The global trade finance gap widened to USD 2.5 tn in 2022, which accounts for 10% of global merchandise trade,according to an Asian Development Bank (ADB) survey (pdf). The gap — which jumped 47% from its 2020 level of USD 1.7 tn — came off the back of post-pandemic macro headwinds, increased rates of rejection of trade financing requests, as well as the Russia-Ukraine war.

The trade finance gap posed a major supply chain issue for companies: Inadequate funding and elevated transportation costs were voted as the two biggest supply chain challenges faced by firms in 2022, the survey added. Around 34% saw insufficient funding as a barrier to efficient supply chains, with 27% voting high transport costs as a reason and 12% raising concerns around the lack of visibility into supply chain operations.

Reliable logistics needs sufficient funding, firms say: Some 21% of firms highlighted access to sufficient funding as a solution to boost supply chain resilience and reliability of logistics providers, whilst 16% of firms see digitization as a fix.

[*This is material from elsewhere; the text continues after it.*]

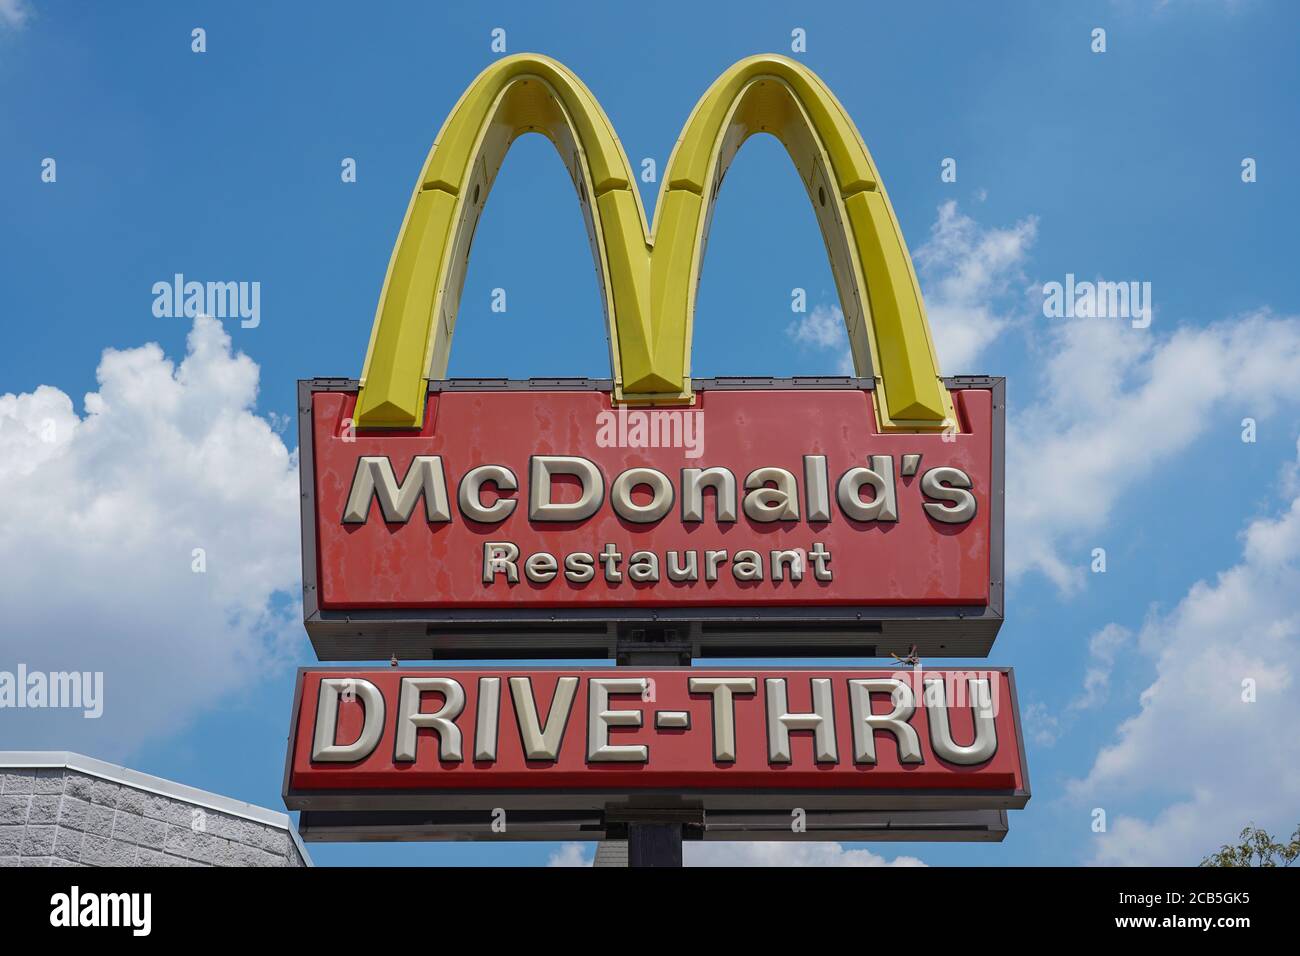 Una vista del McDonald's Restaurant in Queens Borough di New York City.McDonald's piani di assumere 260,000 persone questa estate negli Stati Uniti come inizia a riprendere le normali operazioni. McDonald's sta sperimentando un rimbalzo nelle vendite e nella domanda. Le sue vendite statunitensi sono scese del 19% nel mese di aprile rispetto allo stesso periodo dell'anno precedente, ma sono scese di appena il 5% anno su anno nel mese di maggio. Tali numeri includono le vendite in tutte le sedi che sono state operative da almeno 13 mesi, anche se i ristoranti sono stati temporaneamente chiusi durante la pandemia. Foto Stock

Some of it is technical: Some 20% of banks said they rejected requests from companies for financial support to help sustain their import and export operations. They cited problems concerning know-your-customer compliance, inadequately presented documentation, and outlooks on high country risk. Some 54% of banks agreed that low company credit ratings were another major reason behind rejections, while 11% said they had limited risk tolerance, and 10% rejected applications from SMEs who lacked valuable assets.

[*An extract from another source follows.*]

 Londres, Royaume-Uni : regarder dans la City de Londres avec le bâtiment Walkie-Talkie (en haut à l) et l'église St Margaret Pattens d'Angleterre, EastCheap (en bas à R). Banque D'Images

But a lot of it is macro: Some 64% of banks cited the higher interest rate environment as a key barrier to providing trade finance, while 60% of banks voted economic uncertainty on the back of the war in Ukraine as another significant obstacle funding trade.

SMEs had it hard: The rejected applications had a bigger impact on SMEs as opposed to larger companies, the survey found. SMEs accounted for 38% of applications submitted to banks in 2022, and for 45% of the rejections.

And the outlook for 2023 + 2024 isn’t great: Some 23% of firms agree that economic uncertainty is set to worsen the gap in 2023 and 2024, according to the survey. Meanwhile, some 22% cited a lack of access to finance as another potential reason for the widening of the gap, and 16% cited changes in trade policies.

Narrowing the gap: Banks need to introduce additional capacity to further enhance trade finance as an investable asset class, through more SME-targeted credit programs, deep-tier supply chain finance, and attracting new pools of capital, ADB says.

Companies + banks both think digitization is also key: More than 63% of banks agreed that boosting digitization streamlines regulatory compliance checks while promoting enhanced client profiling and risk management for SMEs. Companies agree, with some73% of surveyed firms pointing out the substantial efficiency enhancements experienced due to digitization, including the standardization of digital trade documentation processes.

The caveats: A major obstacle to digitizing business and trade portfolios is attributed to the high costs associated with the process. Further cost-related issues include understanding and implementing technology, insufficiency of globally established laws and standards, as well as a lack of interoperability of existing platforms.

One silver lining: More banks are leaning towards sustainable trade financing. Around70% of banks claimed to have established a definition for climate and green trade finance transactions, with 74% of banks planning to shift towards sustainable and ESG-aligned financing. 82% of banks believe the shift to be a strategic priority, according to the survey.

But standardization is still needed: ADB highlighted the need to harmonize sustainability standards and enhance sustainability-related data collection and reporting mechanisms in order to boost sustainable trade finance.